Since employers had just a few months to apply the new rates, Sam Kerch, senior tax research analyst for Symmetry Software, suggests you double-check your pay stub to make sure you're getting the right amount of money.

"It's not likely there is a mistake, but it could be because everything had to be done so quickly," Kerch said.

Besides, this double-check is free. Just go to Symmetry's Web site at www.paycheckcity.com and click on the link that says, "New 2003 tax cut calculator." You will need to have your paycheck stub and know how many withholding allowances you elected on your federal and state W-4 forms.

So, for example, let's say you live in California and have a gross income of $60,000 a year, you're paid biweekly, married and have five federal and state exemptions.

Before the tax cut, your take-home pay (not including various other withholdings you might have elected) would have been $1,862.63, according to Symmetry's calculator. Your net pay should have increased to $1,877.43 after the tax cut.

Just so you know, the tax cut is retroactive to the beginning of this year, so many taxpayers will have had too much withheld from their pay for the first half of 2003.

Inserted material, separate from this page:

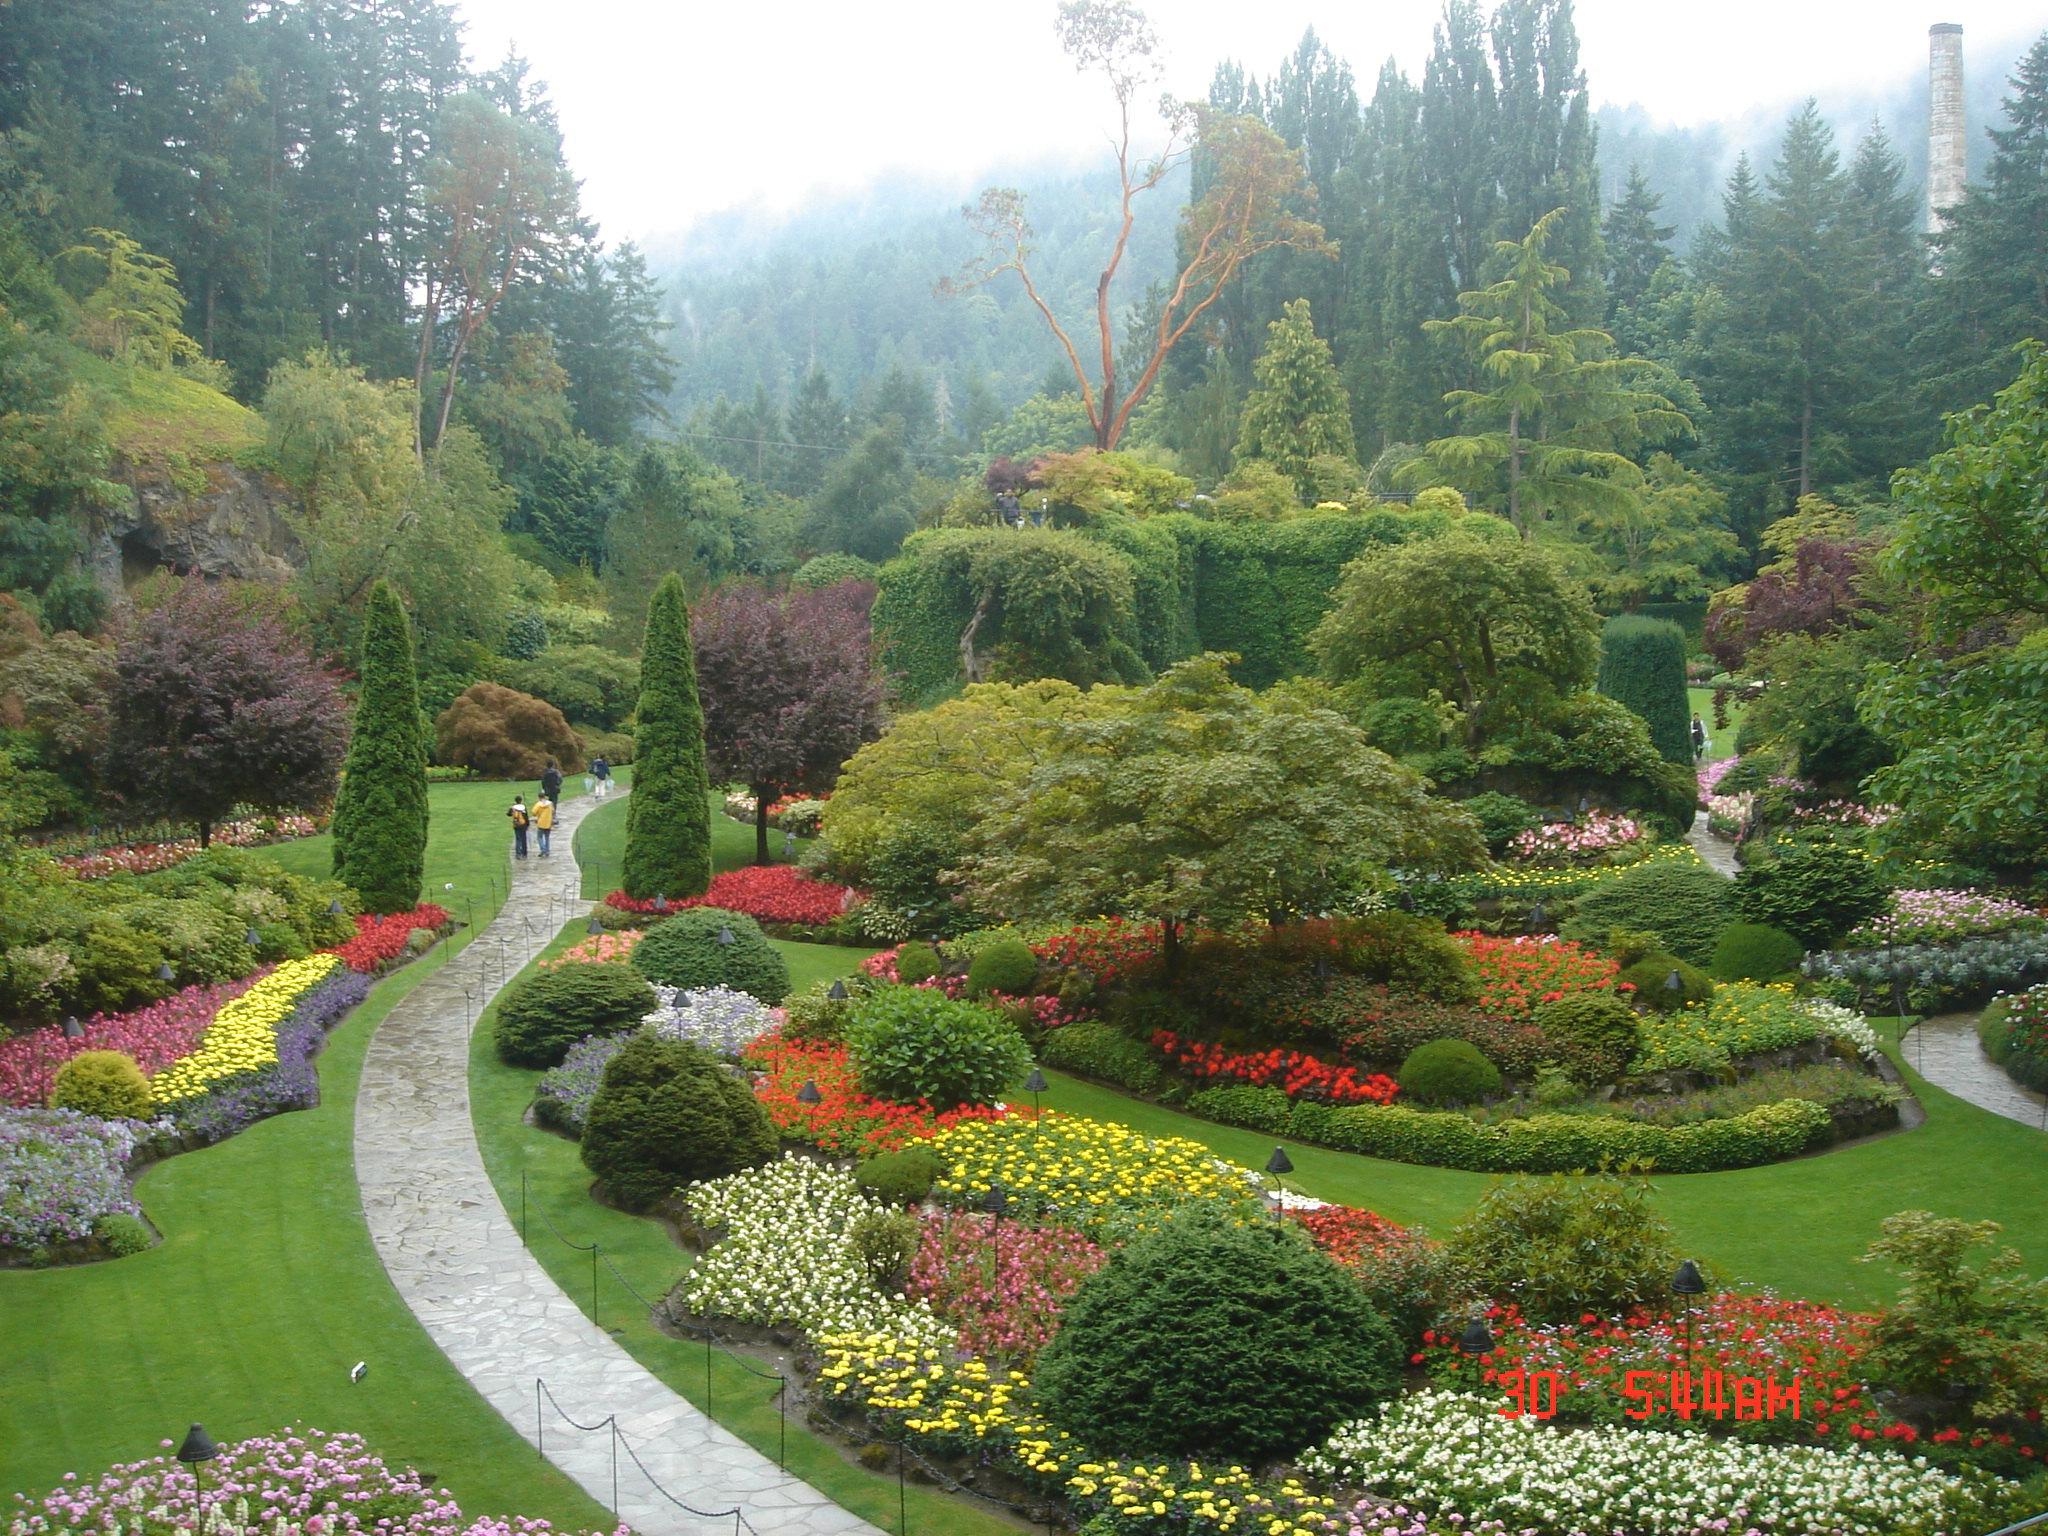 布查特花园是座家族花园,收费景点,票价不便宜,成人30多刀。花园从1904 年开始修建,是世界著名的第二大花园,世界第一据说是迪拜的奇迹花园。花园确实很漂亮,分为好几个部分,还有园中园的日式庭院和玫瑰花园。今年天气有些冷,玫瑰连个芽也没冒,好在其他的花花草草开得花团锦簇。

As a result, you may need to change the number of withholding allowances you take, Kerch said. That means filling out a new W-4 form, which you can also do on Symmetry's Web site or at www.irs.gov.

As Kerch points out, if too much was withheld, you may end up with a large tax refund.

"A big fat refund check is a big fat interest-free loan to the government," Kerch said.

You can adjust your withholding at any time to increase your take-home pay by claiming allowances based on expected tax deductions and credits. Just follow the instructions on the W-4. It's really not hard.

In fact, you should update your W-4 form anytime there is a change in your family or financial situation, Kerch said.

On the other hand, it's possible that not enough money will be withheld from your pay as a result of the tax cut, because the higher your income, the more of a tax break you got. If that is the case, you may want to reduce your withholding allowances to make sure you don't have to pay additional taxes come April 15.

"A tiny refund or a tiny tax payment should be your objective," according to Kerch.